3. Training from Files

def train_from_file(category, filepath)
  File.readlines(filepath).each do |line|
    train(category, line.strip) unless line.strip.empty?
  end
end

# Usage
classifier.train_from_file(:spam, 'data/spam.txt')
classifier.train_from_file(:ham, 'data/ham.txt')

Testing Your Classifier

Split your data.

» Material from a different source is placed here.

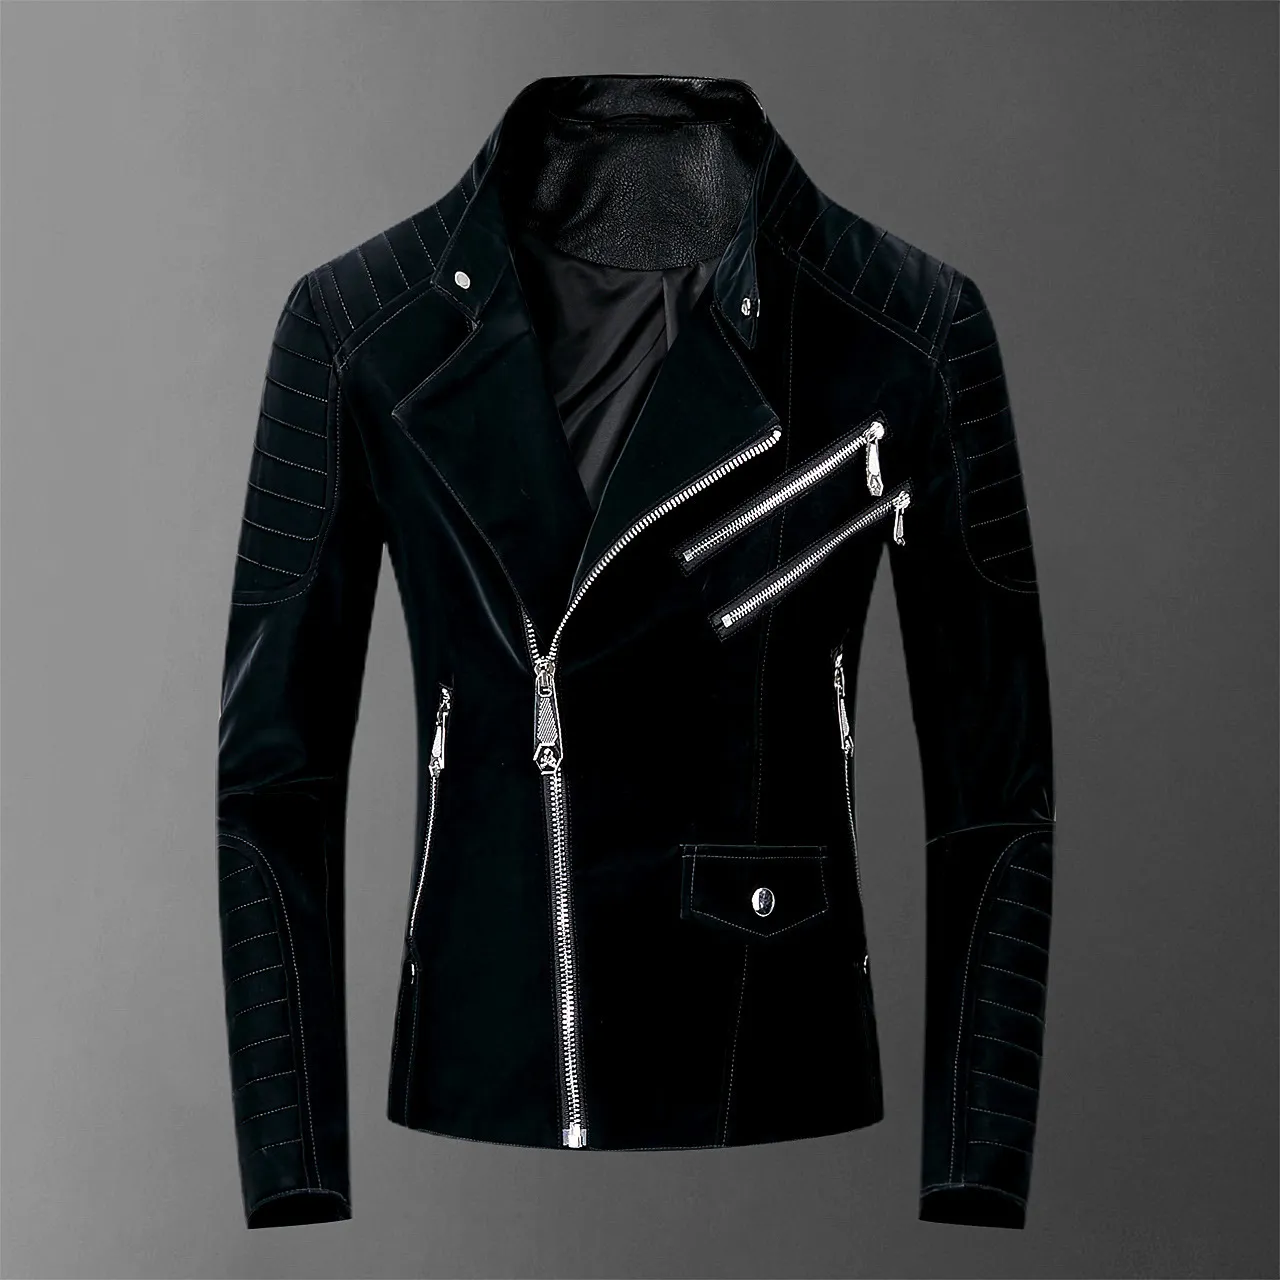 Skull Bonded Leather Red Jackets Men High Street Style Turn-down Neck Streetwear Mens Jackets and Coats Casacas Para Hombre 201022
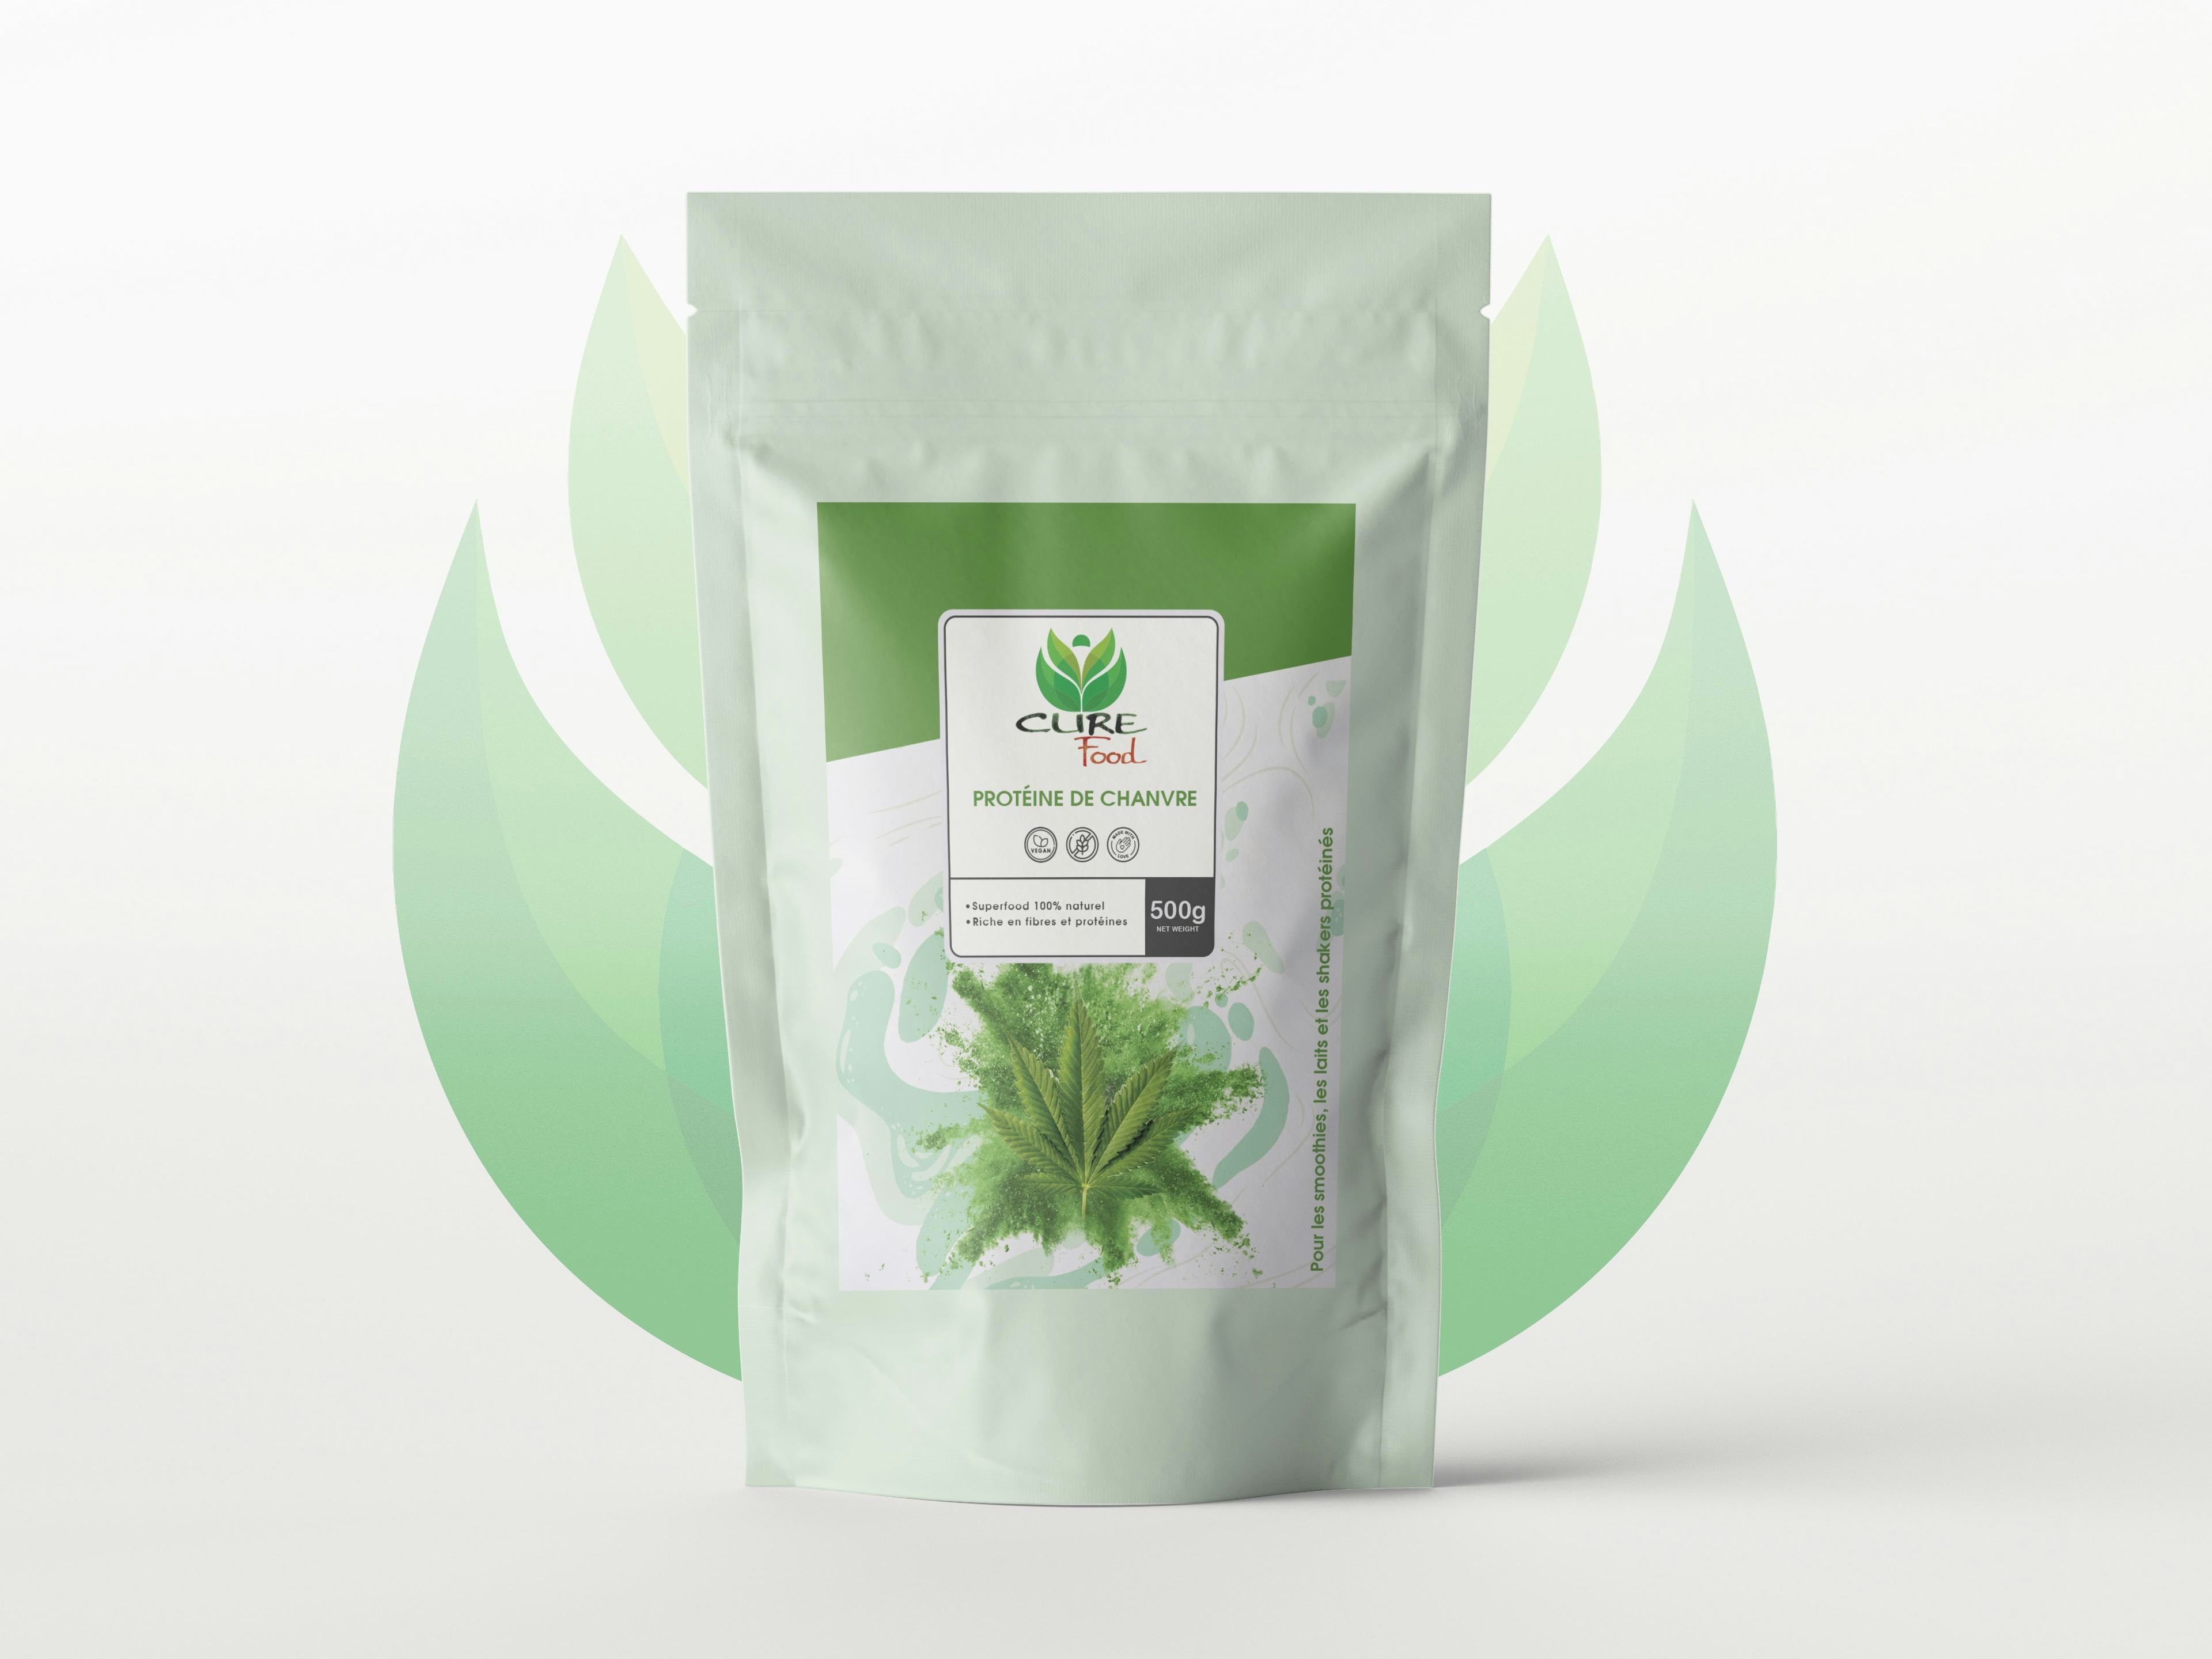 Hemp Protein, artisanal product for direct sale in Switzerland

Train on 80%. Test on 20%.

def evaluate(test_data)
  correct = 0
  total = test_data.size

  test_data.each do |expected_category, text|
    predicted = classify(text)
    correct += 1 if predicted == expected_category
  end

  accuracy = (correct.to_f / total * 100).round(2)
  puts "Accuracy: #{accuracy}% (#{correct}/#{total})"
end

# Example test data
test_data = [
  [:spam, "Win a free vacation today"],
  [:ham, "Meeting at 2pm in room 301"],
  [:spam, "Click here to claim prize"],
  [:ham, "The report is attached"]
]

spam_filter.evaluate(test_data)

Complete Working Example

Here's everything together:

require 'set'

class NaiveBayesClassifier
  STOP_WORDS = %w[the a an is are was were be been being have has had do does did will would could should may might must shall can].to_set

  def initialize
    @word_counts = Hash.new { |h, k| h[k] = Hash.new(0) }
    @category_counts = Hash.new(0)
    @total_docs = 0
    @vocabulary = Set.new
  end

  def train(category, text)
    @total_docs += 1
    @category_counts[category] += 1

    extract_features(text).each do |word|
      @word_counts[category][word] += 1
      @vocabulary.add(word)
    end
  end

  def classify(text)
    scores = {}
    @category_counts.keys.each do |category|
      scores[category] = score_for(category, text)
    end
    scores.max_by { |_, score| score }.first
  end

  def probabilities(text)
    scores = {}
    @category_counts.keys.each do |category|
      scores[category] = score_for(category, text)
    end

    max_score = scores.values.max
    exp_scores = scores.transform_values { |s| Math.exp(s - max_score) }
    total = exp_scores.values.sum

    exp_scores.transform_values { |s| (s / total * 100).round(2) }
  end

  private

  def tokenize(text)
    text
      .downcase
      .gsub(/[^a-z0-9\s]/, '')
      .split
      .reject { |w| w.length < 2 }
      .reject { |w| STOP_WORDS.include?(w) }
  end

  def extract_features(text)
    words = tokenize(text)
    bigrams = words.each_cons(2).map { |pair| pair.join(' ') }
    words + bigrams
  end

  def score_for(category, text)
    prior = Math.log(@category_counts[category].to_f / @total_docs)
    words = extract_features(text)
    likelihood = words.sum { |word| word_probability(category, word) }
    prior + likelihood
  end

  def word_probability(category, word)
    word_count = @word_counts[category][word] + 1
    total_words = @word_counts[category].values.sum + @vocabulary.size
    Math.log(word_count.to_f / total_words)
  end
end

# Run it
if __FILE__ == $0
  classifier = NaiveBayesClassifier.new

  # Training data
  classifier.train(:spam, "Buy cheap watches now special offer")
  classifier.train(:spam, "Congratulations you won click here")
  classifier.train(:spam, "Free money make cash fast")
  classifier.train(:ham, "Meeting tomorrow at 10am")
  classifier.train(:ham, "Please review the attached document")
  classifier.train(:ham, "Thanks for your help with the project")

  # Test
  test = "Click here to win free cash"
  puts "Input: #{test}"
  puts "Category: #{classifier.classify(test)}"
  puts "Probabilities: #{classifier.probabilities(test)}"
end

When to Use Naive Bayes

Good for:

  • Spam filtering
  • Sentiment analysis
  • Document categorization
  • Any problem with clear word-to-category relationships

Not great for:

  • Complex relationships between words
  • Small training datasets
  • Cases where word order matters a lot

Wrapping Up

You just built a text classifier from scratch. No external libraries. Pure Ruby.

The "naive" in Naive Bayes assumes words are independent. They're not. But the classifier still works surprisingly well in practice.

Start simple. Add training data. Test accuracy. Improve tokenization. That's the workflow.

The code is yours. Modify it. Break it. Make it better.